Good luck buddy!!! I hope the old girl gives you a wonderful ride and ton of fun!! I have one and she has plenty of power!!!


----------



## ecb223

Hey thanks for all the info I really appreciate it. Hey whats up with this choke? I pull it out and it goes right back in!


----------



## Pappy

There should be a detent that holds the choke in the ON position. Take the cover off and look at the choke linkage while you work the choke.


----------



## ecb223

Oh I see why the choke won't stay out. There is a little plastic part that fell off the lever. Now how in the hell am I going to put this back on! 
I put a new water pump impeller on last night. Napa had one for $14.95. Got a new fuel line ,and put on it. Some moron put an air brake line on it at some point. I'm going to get a fuel pump rebuild kit tomarrow.. 
Should I get a new thermostat for it? Or does it even have one? Spark plugs look new so I will leave them alone for now. 
I bought a can of seafoam today at Tractor Supply. $7.99


----------



## jasper60103

ecb223 said:


> Oh I see why the choke won't stay out. There is a little plastic part that fell off the lever. Now how in the hell am I going to put this back on!
> I put a new water pump impeller on last night. Napa had one for $14.95. Got a new fuel line ,and put on it. Some moron put an air brake line on it at some point. I'm going to get a fuel pump rebuild kit tomarrow..
> Should I get a new thermostat for it? Or does it even have one? Spark plugs look new so I will leave them alone for now.
> I bought a can of seafoam today at Tractor Supply. $7.99



Take a look at the parts diagram for your motor. The link was already provided to you by cajuncook1. Navigate through the pages. It shows all the parts including the thermostat as well as the choke link detent that fell off. I wouldn't replace the thermostat unless you were having problems with it. It easy enough to change out if it stops working, but that's just my opinion.
Enjoy. -jasper


----------



## ecb223

Well sat we took the boat to the lake and the old Evinrude ran like a champ! We didn't have any trouble at all. I put the sea foam in the gas and we used about 3 gallons of fuel all day. I don't know how well it cleaned everything out but I'm not going to change the head gasket till I run at least another full tank of gas through it. 
Thanks or all the advise
Eric


----------



## cajuncook1

ecb223 said:


> Well sat we took the boat to the lake and the old Evinrude ran like a champ! We didn't have any trouble at all. I put the sea foam in the gas and we used about 3 gallons of fuel all day. I don't know how well it cleaned everything out but I'm not going to change the head gasket till I run at least another full tank of gas through it.
> Thanks or all the advise
> Eric




That's great news!!! But I am curious to why you want to change the head gasket?? If it is running fine and the head is getting cooled properly....just leave it alone. (that's just my 2 cents)
Unless there is something I missed in your posting?


----------



## ecb223

Oh sorry I posted in another thread, I noticed a small bead of water develop on the top cyl when I was running it in a barrel of water last week. It didn't do it when we were on the lake so I'll just keep an eye on it for now.


----------



## cajuncook1

ecb223 said:


> Oh sorry I posted in another thread, I noticed a small bead of water develop on the top cyl when I was running it in a barrel of water last week. It didn't do it when we were on the lake so I'll just keep an eye on it for now.

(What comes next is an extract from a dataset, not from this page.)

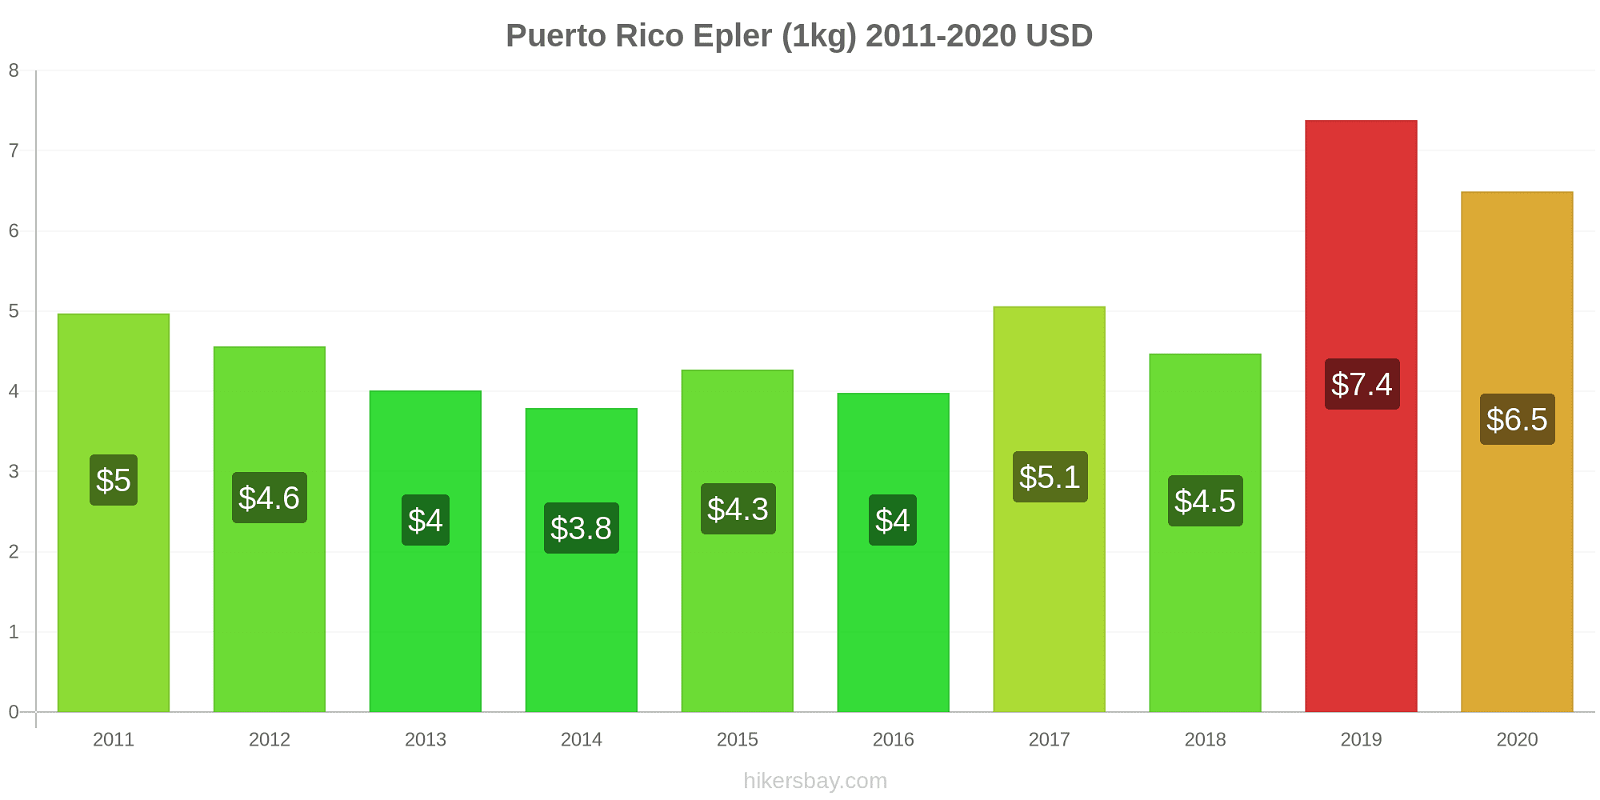 Puerto Rico prisendringer Epler (1kg) hikersbay.com

Some water could have shot up from the barrel while you were running the motor....happens sometimes. If you do notice it again and you are sure it is leaking from the cylinder head, check the torque on the cylinder head bolt with a torque wrench. (You can sometimes get a loaner torque wrench from autozone or places like that with a refundable deposit)....make sure it has inch pounds on it.

- torque is 96 to 120 inch-pounds (Please notice I stated *Inch pounds*) equals to 8 to 10 foot pounds of torque.

- Also check on top of the cylinder head where the thermostat is housed and make sure those bolts are snug as well. Item#55 in supplied link below.

https://www.boats.net/parts/search/BRP/EVINRUDE/1968/18802A%201968/POWERHEAD%20GROUP/parts.html

The previous owner could have replaced the thermostat and gasket or cylinder head gasket for whatever reason and may not have re-torque after running the motor.

If you have to re-torque the cylinder head bolts then start at 1/2 torque and make a second pass and then full torque. Use this pattern for tightening the bolts.




This is not the exact reference for your cylinder head but it gives you a general idea.

Glad to hear the motor is running well.....bet it pushed that boat pretty good.

Good luck!


----------



## ecb223

Ok thanks for the info, Yeah she pushed the boat quite well! It surprised us how fast we could go. We were used to my little chrysler 6hp wow what a difference! I think I like the Evinrude.


----------